A bullhead has taste buds covering its entire body.

In one Minnesota study, detritus made up almost three-quarters of the food of American toad tadpoles.

Some kinds of fly maggots are used in medicine to help severe wounds heal by eating the dead tissue around the edges.

A deer mouse sometimes eats its own droppings. This behavior, called coprophagy, allows it to get more nutrients out of its food the second time around.

Decomposers are not animals. They are other living things, such as bacteria and fungi. For example, bread mold and mushrooms are decomposers. Decomposers make chemicals that turn proteins, fats, and other big molecules into small molecules. Other living things, such as fish, frogs, and you, can use these small molecules to build new proteins, fats, and other big molecules for themselves.

Turkey tail mushroom (Trametes versicolor)

If you've ever seen a rotting log, you probably have seen this mushroom. But you may not have known its name. Turkey tail grows on dead branches and stumps everywhere. The part you see -- the fruiting body -- grows in fanned layers out from the wood. It has bands of color, like the tail feathers of a turkey. The edge is often whitish. The underside is whitish too.

Turkey tail breaks down lignin, one of the compounds that makes wood strong. It does this by sending hyphae, microscopic threads, in between the cells of the dead wood. The hyphae give off enzymes that break lignin down into hydrogen, oxygen, and carbon. Then they take up the bits and use them to make more turkey tail mushrooms. Eventually the turkey tail dies, and its molecules become available for other living things.

Soil bacteria (Streptomyces species)

The fresh fragrance of moist soil is due to a bacterium known as Streptomyces. The earthy smell comes from a compound called geosmin. Streptomyces bacteria are too small to see without a microscope. They live in the soil. They find big molecules in dead leaf bits and animal droppings and break them down into little molecules, which other animals can use to build their bodies.

The Rotten Truth

Turkey tail mushrooms make compounds that make people's immune systems stronger. Scientists are studying whether these compounds could be used to help fight cancer.

Streptomyces is a major source of antibiotic medicines, which fight infections caused by other bacteria.

Rot-a-thon

For some summer fun, have a rot-a-thon with some friends.

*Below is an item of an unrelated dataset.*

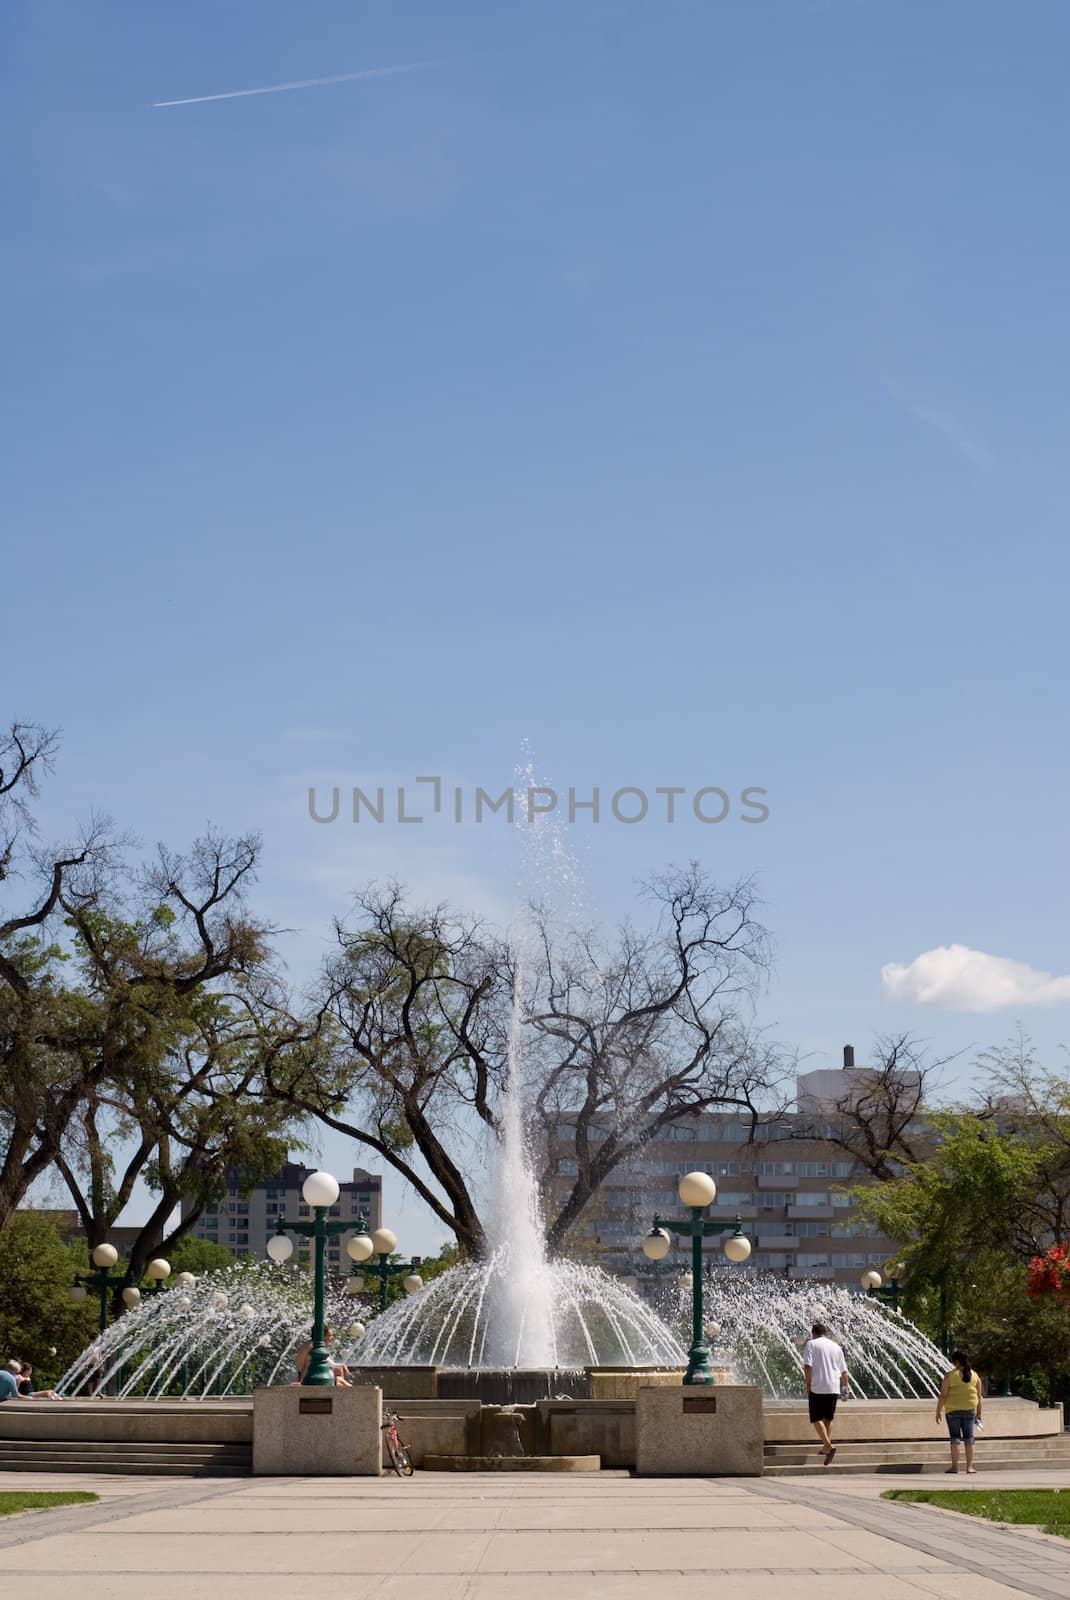 A large water fountain shot during the day, with additional space for the text in the sky

Ask your grownups for overripe or bruised fruit to set outdoors where you think lots of recyclers will be able to reach it. (Find a place pets can't reach, or they may recycle it all at once for you.) Check your fruit regularly for nibble marks from mice, ants, flies, or wasps, and for growth of different kinds of mold or bacteria. Race with your rot-a-thoner friends to see who finds the biggest variety of nature's recyclers. Something to think about: For best results, should your fruit be in the sun, the shade, or both? Why?